Between two charged particles (electric or maybe neutral particles by gravity) is some force. Moving them away will require energy.
So e.g. you put two charged particles in this expanding space, the ongoing expansion will cause some energy which can be harvested? Can we build our "Zero point modul" which generates energy out of "nothing".
We dont even need particles for this effect since this is based on virtuell particles which ghostly appear and disappear (the Casimir effect)?
Or maybe a proper medium would suit better (more particles more energy from expansion) e.g. the densest object like a black hole in this expanding space machine?
The more complicated answer is that empty space is expanding, but matter is not. Gravity, and matter subjected to the various forces, holds together even as empty space expands around it.
You correct, but in the details. Travelling through space is limited to the speed of causality (the speed any massless particle travels) but space between itself is not limited to any particular speed.
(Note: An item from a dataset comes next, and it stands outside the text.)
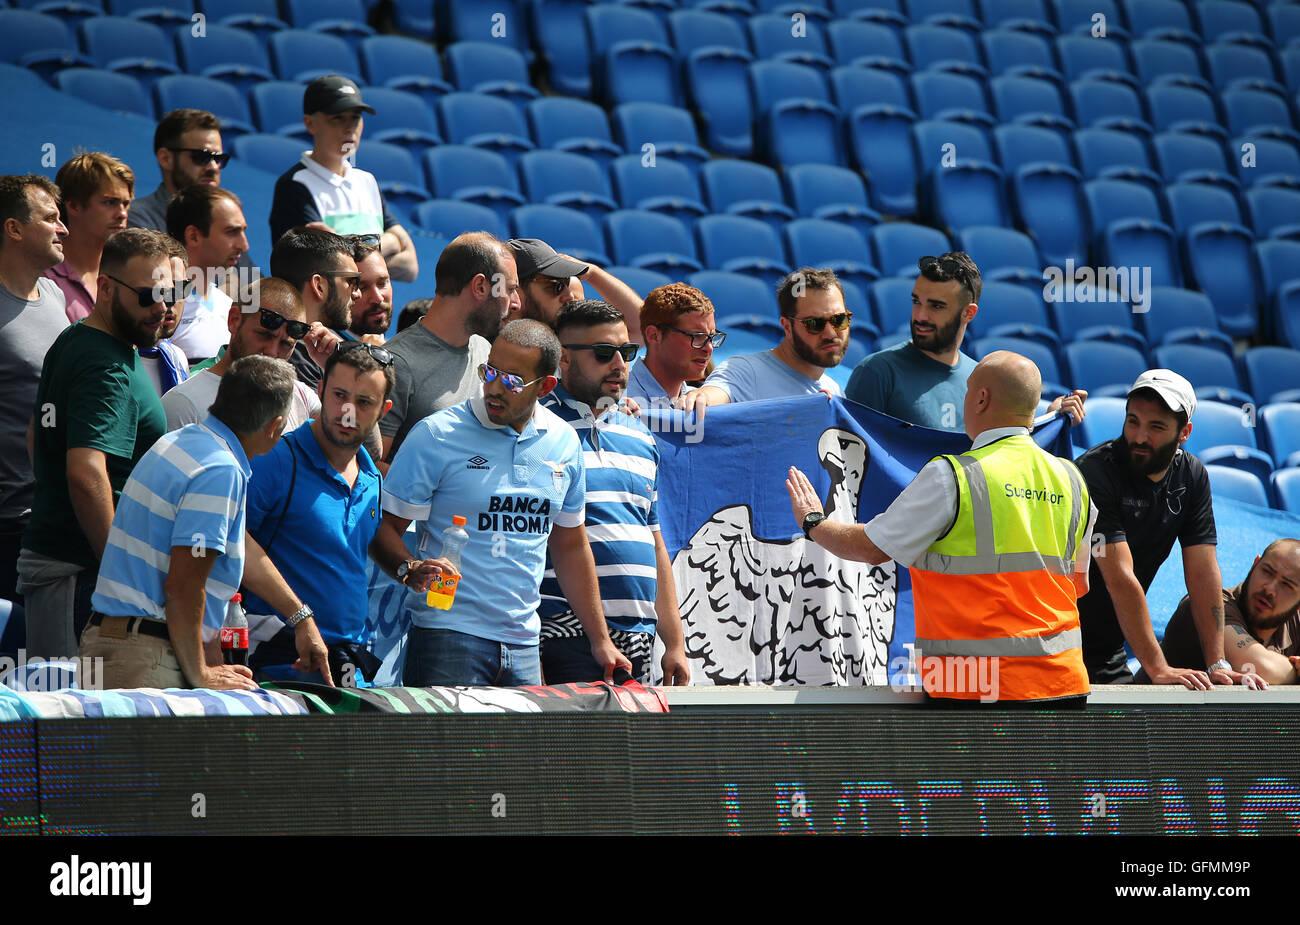 American Express Stadium, Brighton, Great Britain. 31st July 2016. Lazio fans speak with a steward during a Pre Stock Photo

Think of it this way: A balloon is space and the speed of sound is the limit at which waves can travel across it. This normal for sound waves. If every bit of the balloon expanded at 1 inch per second, a small balloon would be getting bigger, but wouldn't exceed the speed of sound. A sound wave will outrace the expansion.
Once the balloon as expanded to about 2500 feet in diameter, the expansion along the balloon will be greater than the speed of sound. A sound wave will never make to the other side. That said, no one place is expanding more than 1 inch per second. Nothing in part violates the speed of sound.
If you choose your relative objects that you compare carefully, even much simpler systems can be seen as expanding much quicker than the speed of light, relative to some specific theoretical observer.
But nothing can travel faster than the speed of light (no matter or energy or information), relative to the source point.
Yep. That’s why we talk about the observable universe. Objects outside the radius of the observable universe are moving away from us so quickly that any light or gravitational effect from those objects have no chance of reaching us any longer.
Yes if we consider the universal as information and our relationships to it as receivers. We've been expanding our time experience for millennia and will continue to so as long we continue to imagine and create.
You are using the word "organism" in a very poetic metaphorical way. (And even then not a widely accepted one, but it being poetic, no one can really dispute it.) But the article talks about a very specific question in established physics which has already established terms and theories. It explains a valid question within that specific framework. In that framework talking about space as organism does not make a lot of sense, it doesn't add any new useful information.
The universe is not an organism in any accepted sense. It doesn't acquire energy from its environment, use that to reduce local entropy, and expel waste products. It is energy, it is expanding, and its entropy is reducing exactly in accord with thermodynamics.
If the universe is an organism, then so is my cup of tea!